JAK enzymes transmit cytokine signaling through their pairing (e.g., JAK1/JAK2, JAK1/JAK3, JAK1/TYK2, JAK2/JAK2, JAK2/TYK2). In cell-free isolated enzyme assays, baricitinib had greater inhibitory potency at JAK1, JAK2 and TYK2 relative to JAK3. In human leukocytes, baricitinib inhibited cytokine induced STAT phosphorylation mediated by JAK1/JAK2, JAK1/JAK3, JAK1/TYK2, or JAK2/TYK2 with comparable potencies. However, the relevance of inhibition of specific JAK enzymes to therapeutic effectiveness is not currently known.

Indications:

OLUMIANT® is a Janus kinase (JAK) inhibitor indicated for:

  • the treatment of adult patients with moderately to severely active rheumatoid arthritis who have had an inadequate response to one or more TNF blockers.

Limitations of Use: Not recommended for use in combination with other JAK inhibitors, biologic DMARDs, or with potent immunosuppressants such as azathioprine and cyclosporine.

  • the treatment of COVID-19 in hospitalized adults requiring supplemental oxygen, non-invasive or invasive mechanical ventilation, or ECMO.
  • the treatment of adult patients with severe alopecia areata.

Limitations of Use: Not recommended for use in combination with other JAK inhibitors, biologic immunomodulators, cyclosporine or other potent immunosuppressants. 

Route: oral
Dose:

Recommended Dosage:

Rheumatoid Arthritis:

  • 2 mg once daily.
  • OLUMIANT may be used as monotherapy or in combination with methotrexate or other non-biologic DMARDs.

COVID-19:

  • 4 mg once daily for up to 14 days.

Alopecia Areata:

  • 2 mg once daily.
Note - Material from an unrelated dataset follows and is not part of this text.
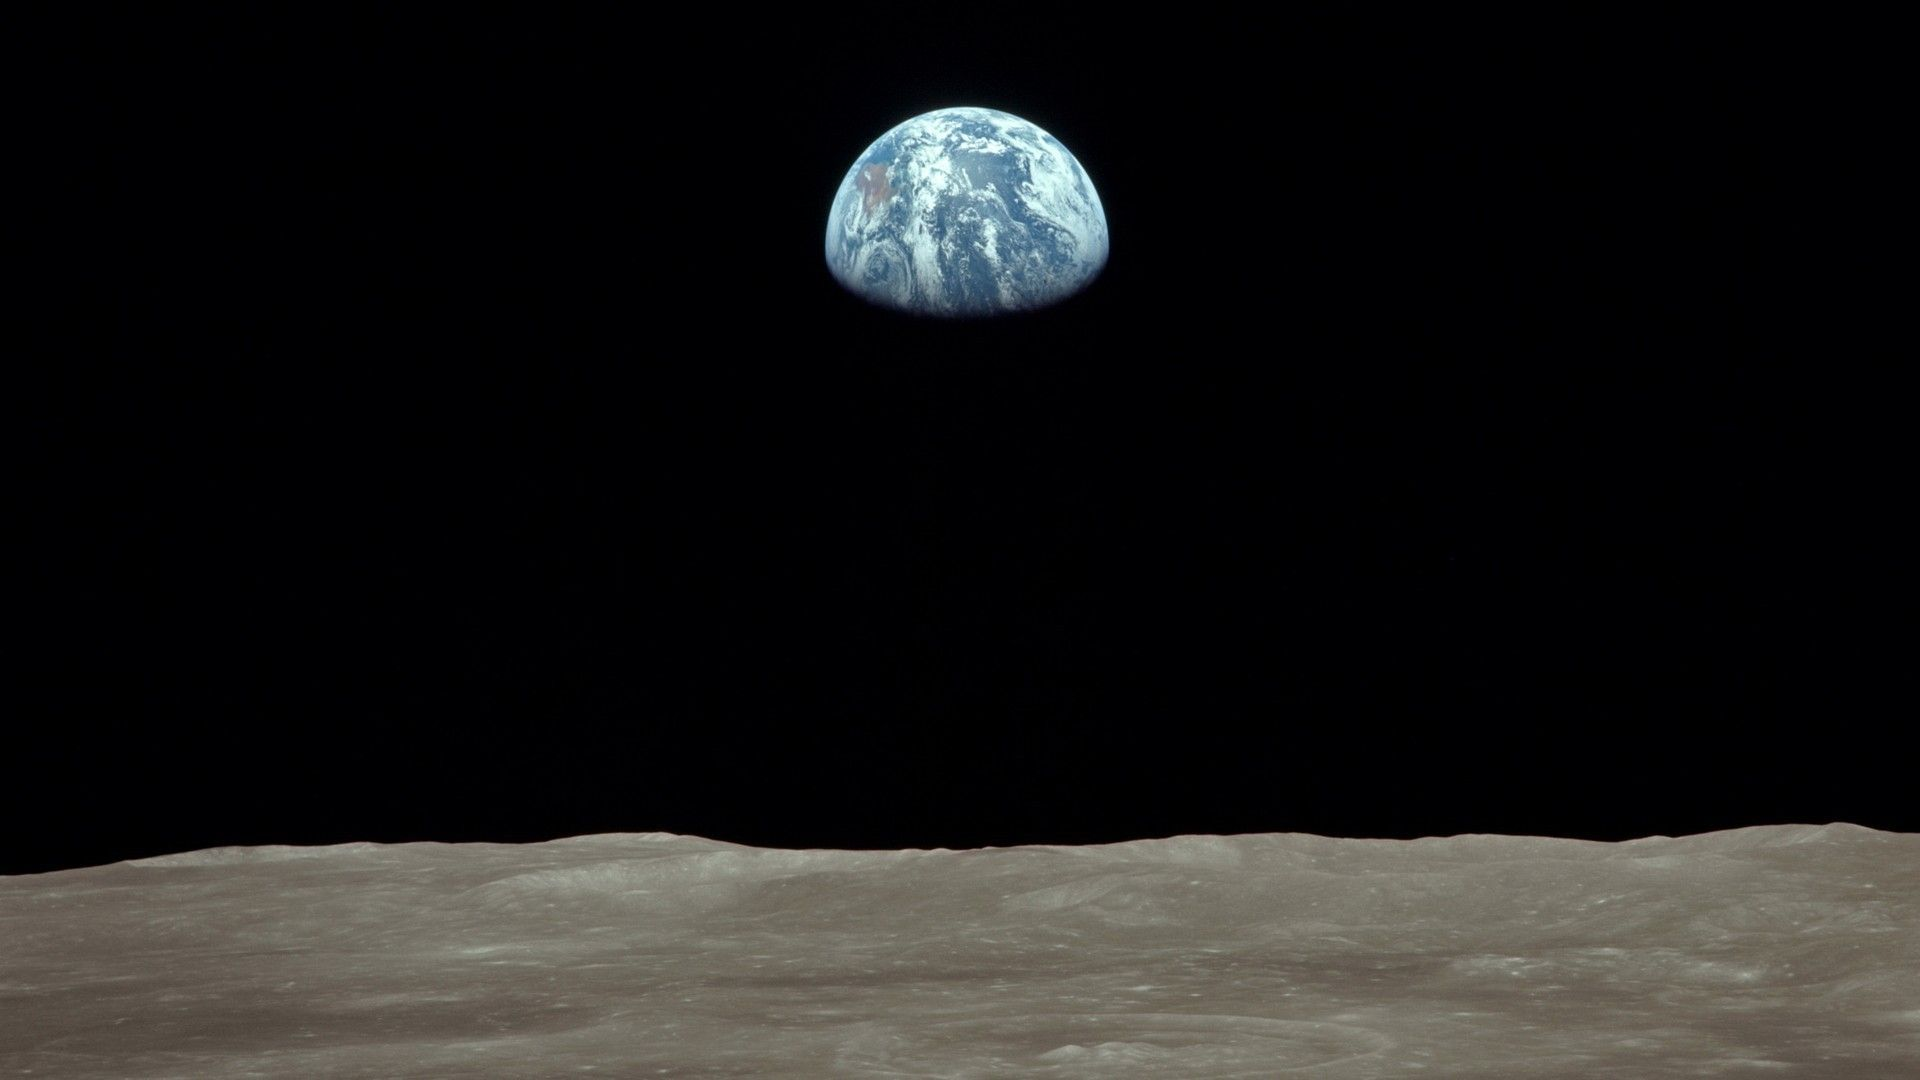 Earth moon nasa astronomy earthrise (1920x1080, moon, nasa
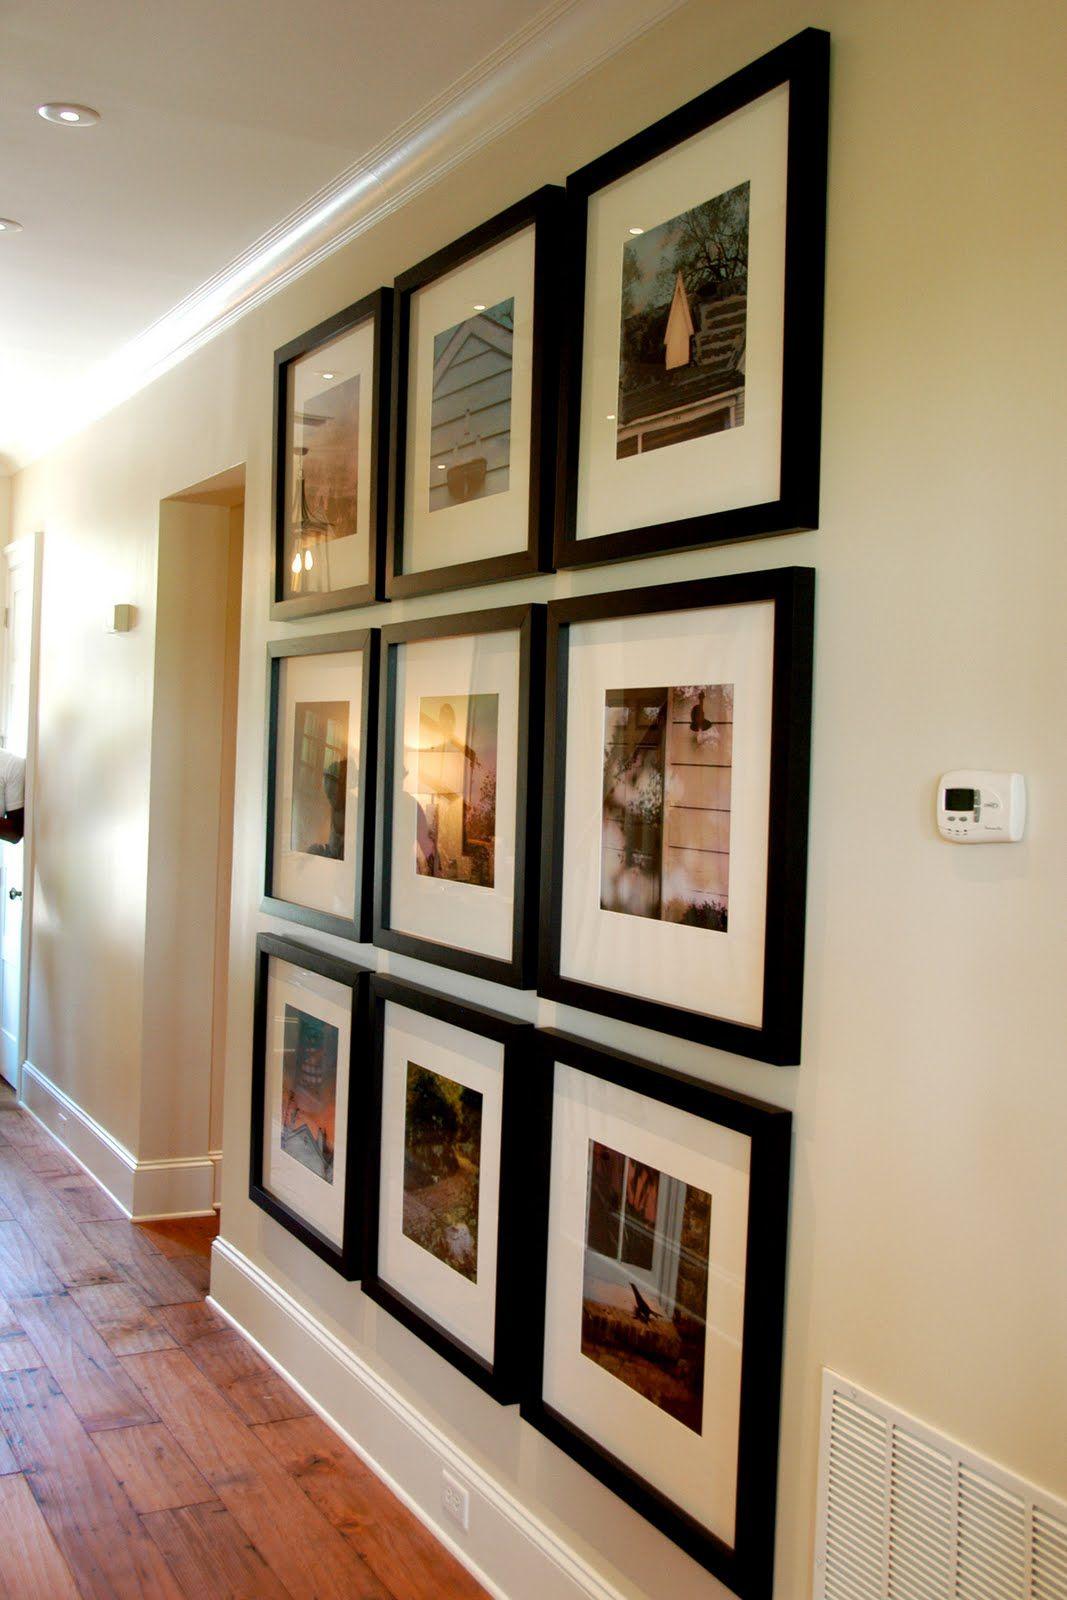 Frame Photograph Arrangement Ideas The Polkadot Chair Home

Increase to 4 mg once daily, if the response to treatment is not adequate.
  • For patients with nearly complete or complete scalp hair loss, with or without substantial eyelash or eyebrow hair loss, consider treating with 4 mg once daily.
  • Reduce the dose to 2 mg once daily when an adequate response has been achieved.

Dosage Modifications in Patients with Renal or Hepatic Impairment, or Cytopenias:

  • See the full prescribing information for dosage modifications by indication.
Adverse Reactions:

Adverse reactions reported in clinical trials (≥1%) are:

  • Rheumatoid Arthritis: upper respiratory tract infections (URTIs), nausea, herpes simplex, and herpes zoster.
  • COVID-19: increases of liver enzymes, thrombocytosis, creatine phosphokinase increases, neutropenia, deep vein thrombosis, pulmonary embolism, and urinary tract infection (UTI).
  • Alopecia Areata: URTIs, headache, acne, hyperlipidemia, creatine phosphokinase increase, UTI, liver enzyme elevations, folliculitis, fatigue, lower respiratory tract infections, nausea, genital Candida infections, anemia, neutropenia, abdominal pain, herpes zoster, and weight increase.
Contraindication:
None
Warnings and Precautions:
  • Hypersensitivity: Serious reactions have been reported. Discontinue OLUMIANT if a serious hypersensitivity reaction occurs.
  • Gastrointestinal Perforations: Monitor patients who may be at increased risk and evaluate promptly new onset of abdominal symptoms. 
  • Laboratory Abnormalities: Monitor for changes in lymphocytes, neutrophils, hemoglobin, liver enzymes, and lipids. 
  • Vaccinations: Avoid use with live vaccines.
See package insert for full prescribing information.